What needs to be done: Could you set down only the lines from the one including "[Coming Soon] Ford" to the end of the records below, inclusive and exact, leaving pictures out?

Records supplied:
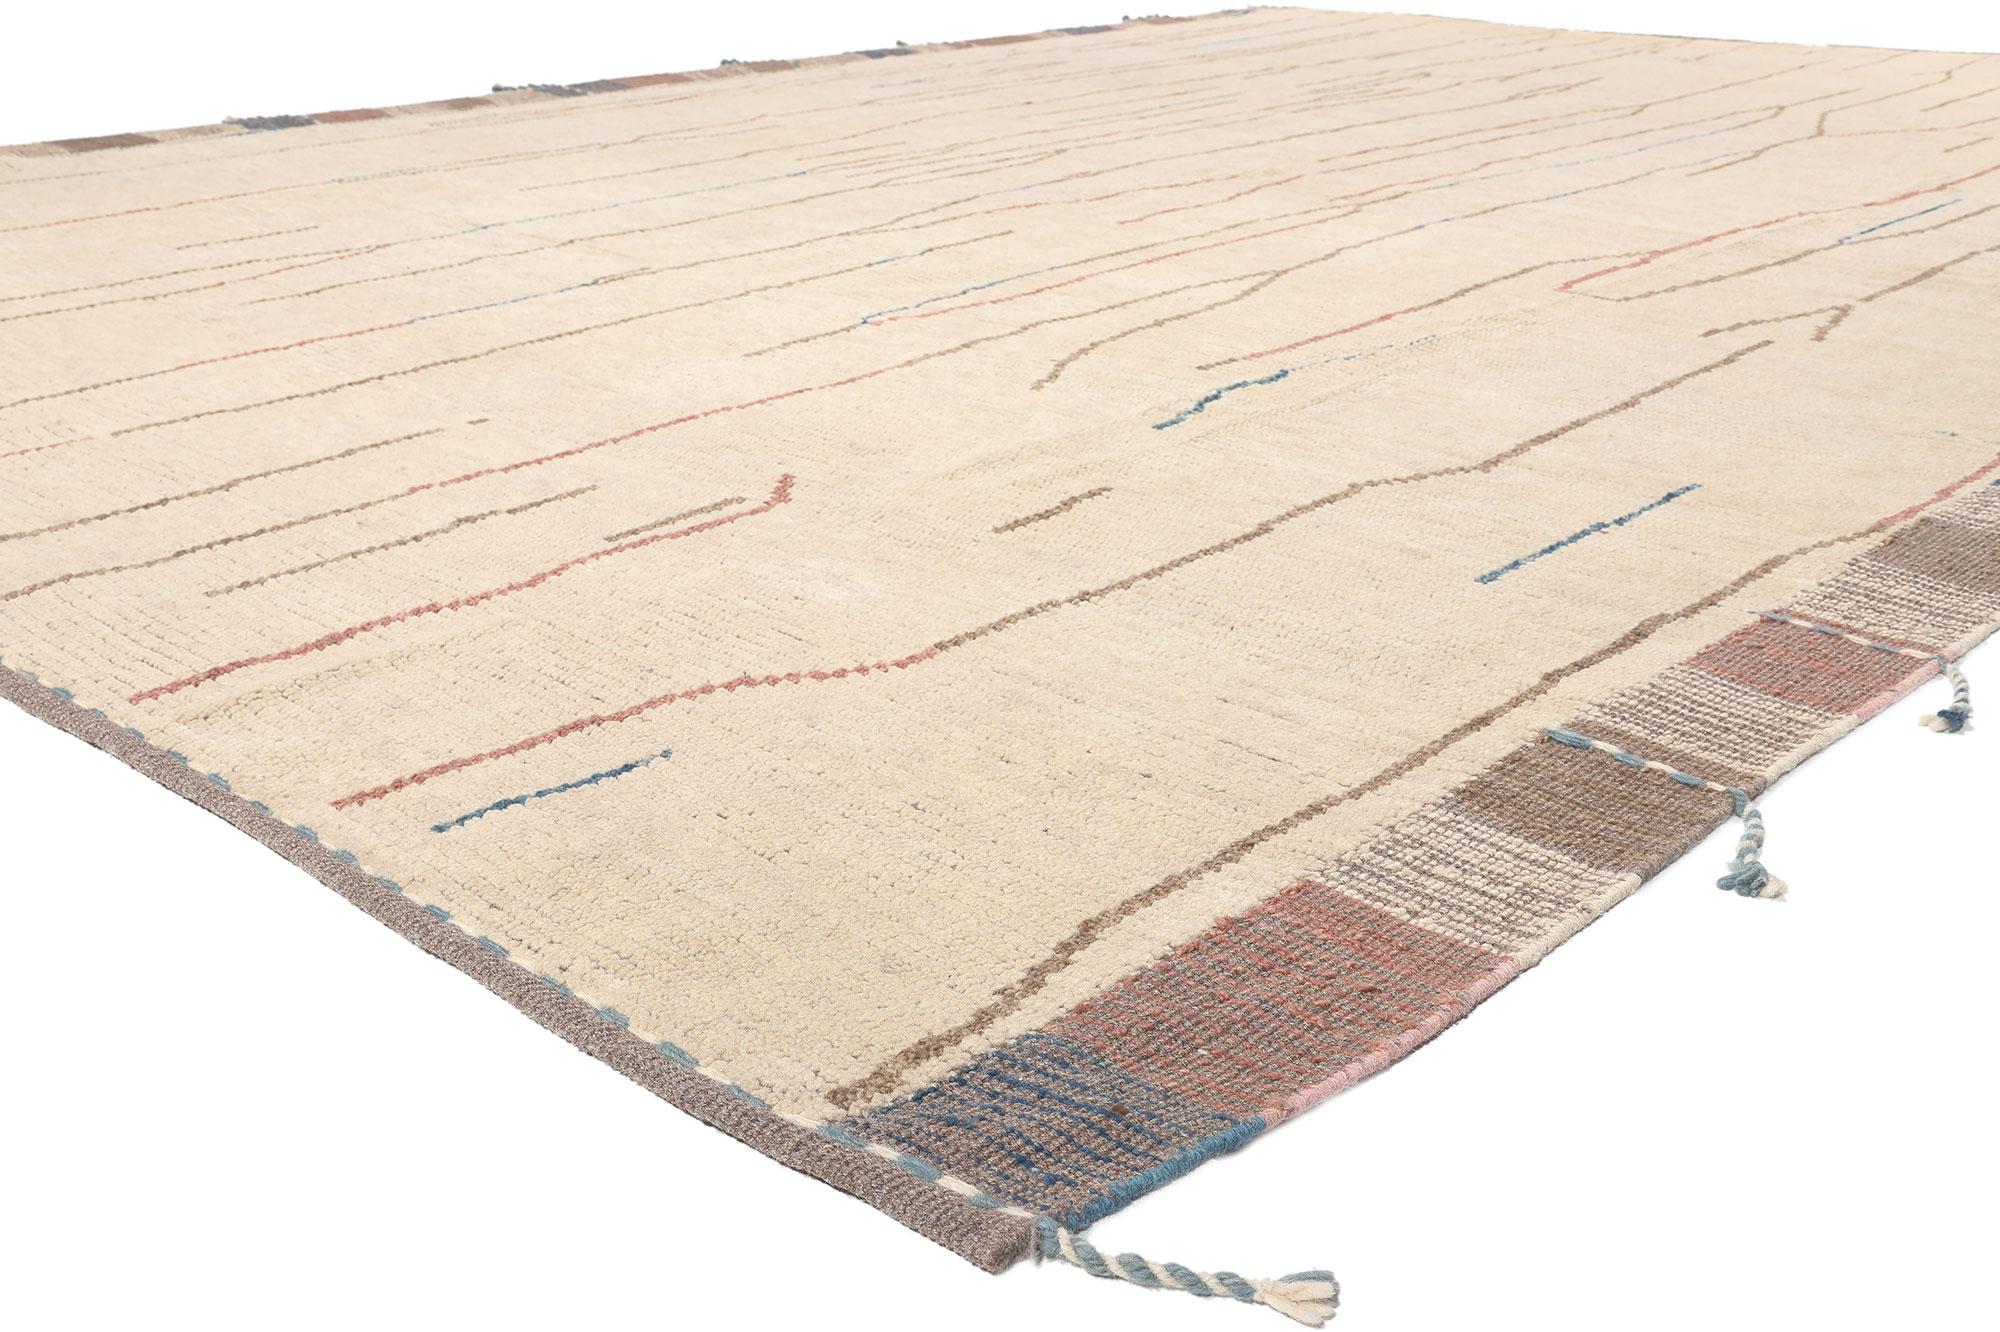 81019 Organic Modern Moroccan Rug, 11'02 x 15'10.
Wabi-Sabi meets sustainable elegance in this hand knotted wool organic modern Moroccan area rug. The intrinsic linear tribal design and neutral earthy hues woven into this piece lends a laid-back,
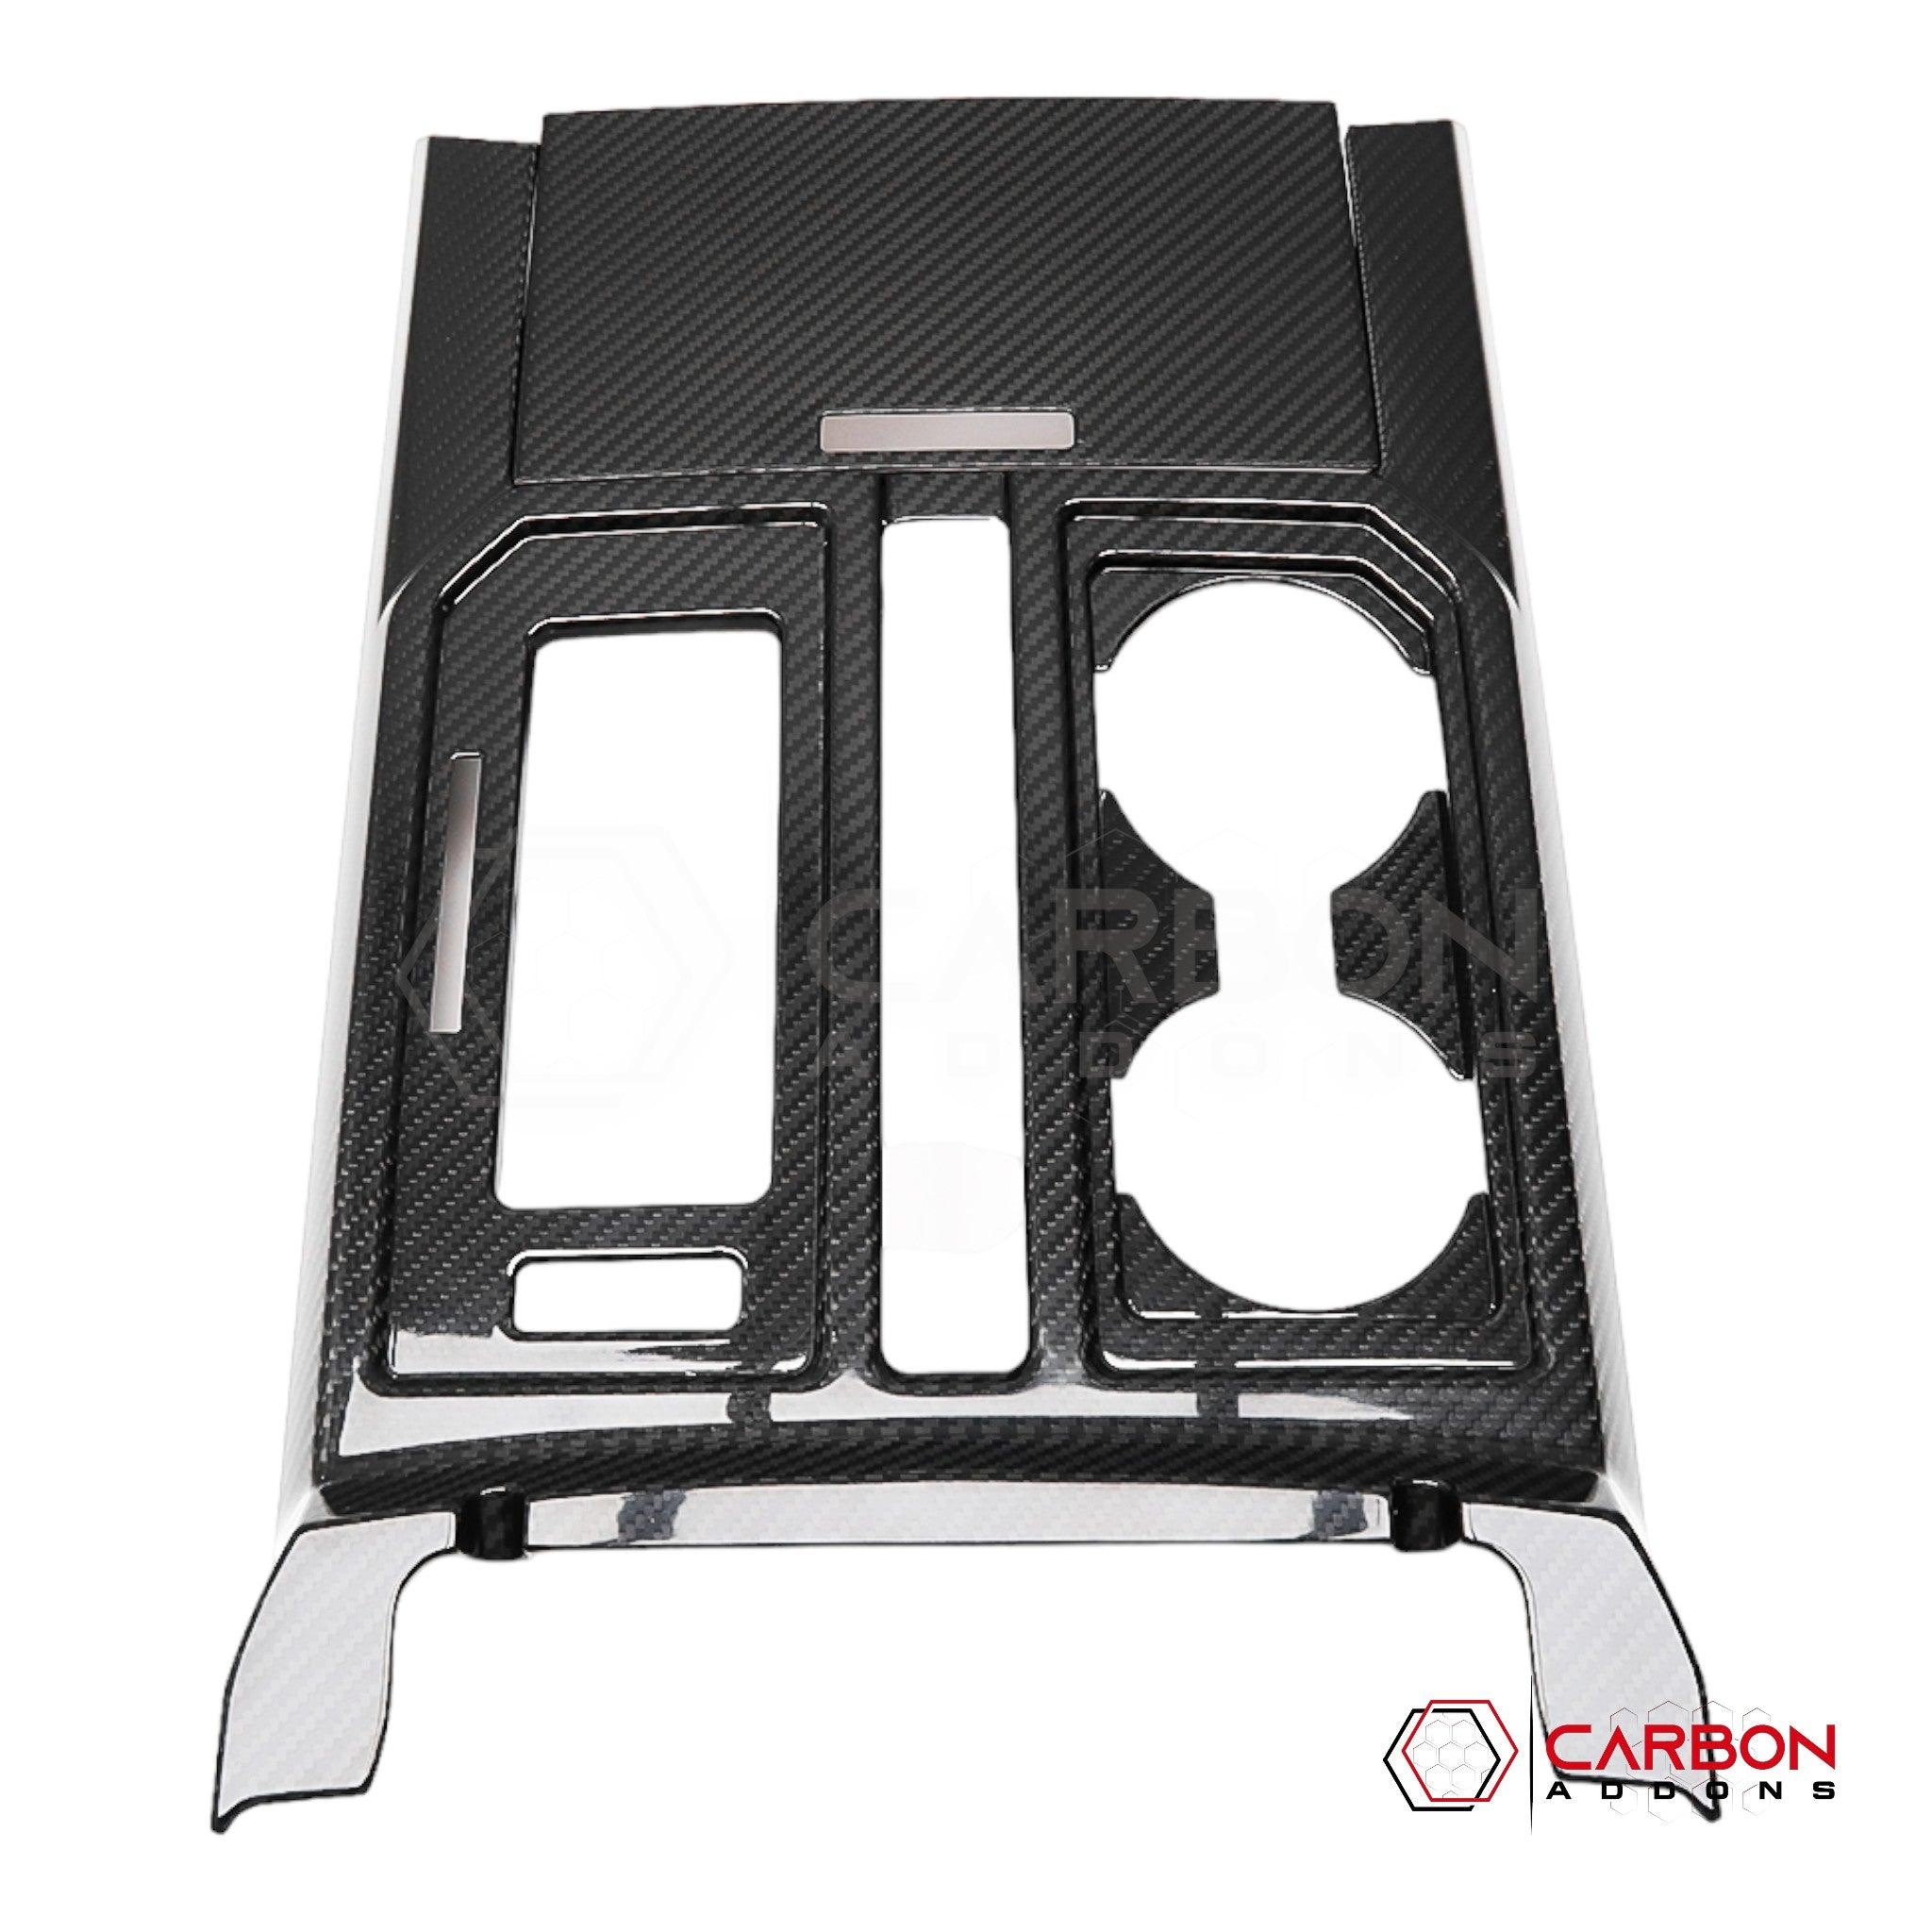 [Coming Soon] Ford F150 2015-2020 Center Console Gear Shift Panel Hard Carbon Fiber Cover - carbonaddons Carbon Fiber Parts, Accessories, Upgrades, Mods
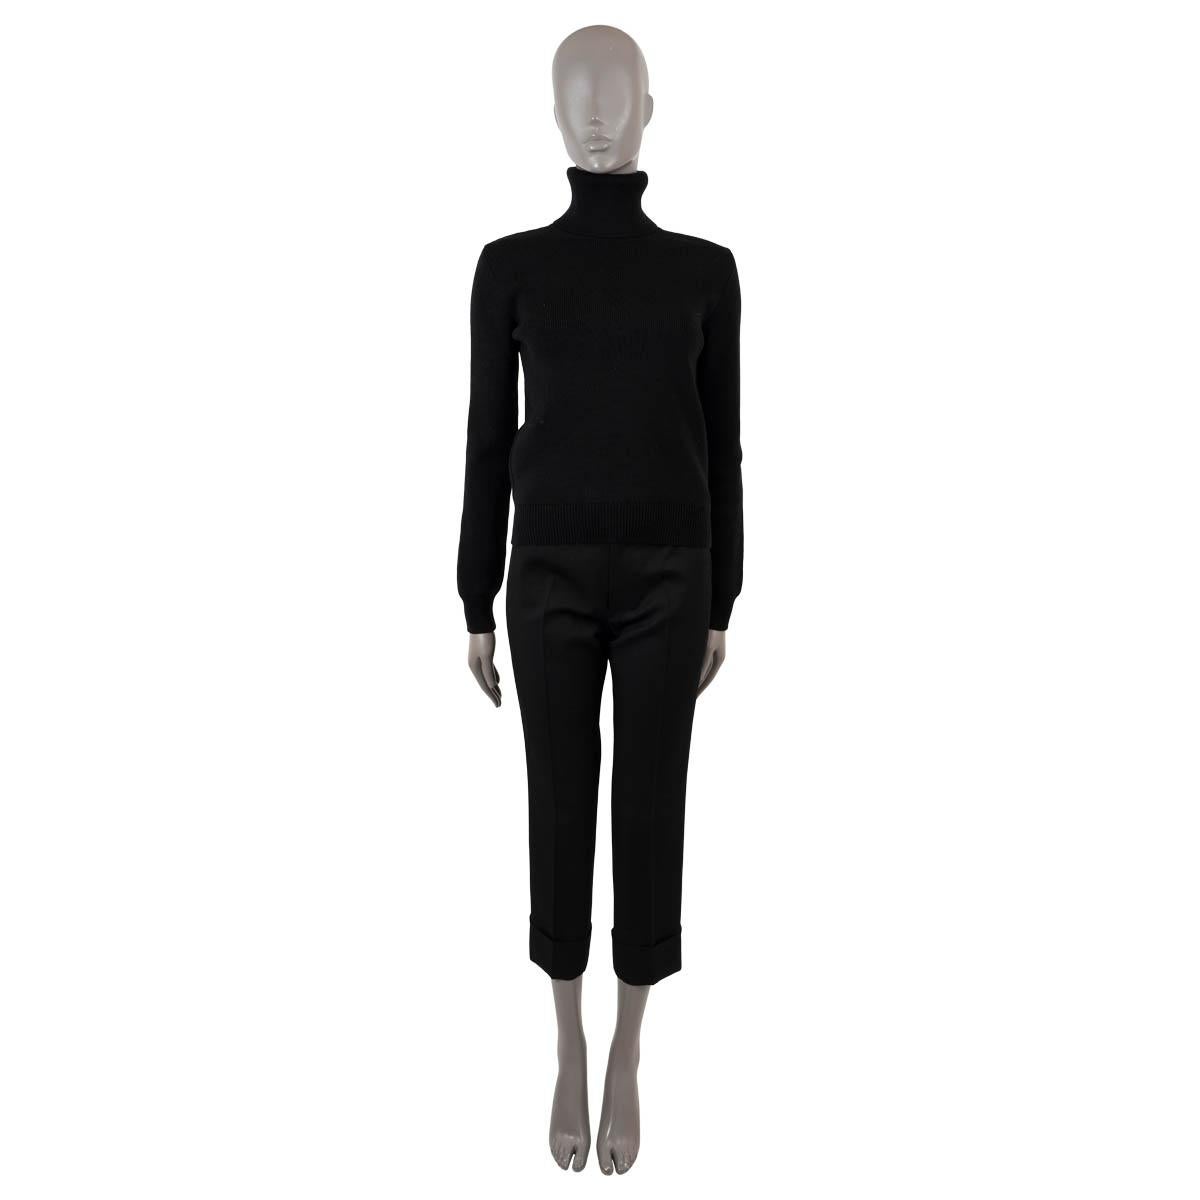 100% authentic Saint Laurent turtleneck sweater in black rib-knit wool (100%). Features rib knit cuffs and hem. Unlined. Has been worn and is in excellent condition.

Measurements
Model	537409
Tag Size	M
Size	M
Shoulder Width	39cm (15.2in)
Bust

Exercise solution:
 [Coming Soon] Ford F150 2015-2020 Center Console Gear Shift Panel Hard Carbon Fiber Cover - carbonaddons Carbon Fiber Parts, Accessories, Upgrades, Mods
 100% authentic Saint Laurent turtleneck sweater in black rib-knit wool (100%). Features rib knit cuffs and hem. Unlined. Has been worn and is in excellent condition.

Measurements
Model	537409
Tag Size	M
Size	M
Shoulder Width	39cm (15.2in)
Bust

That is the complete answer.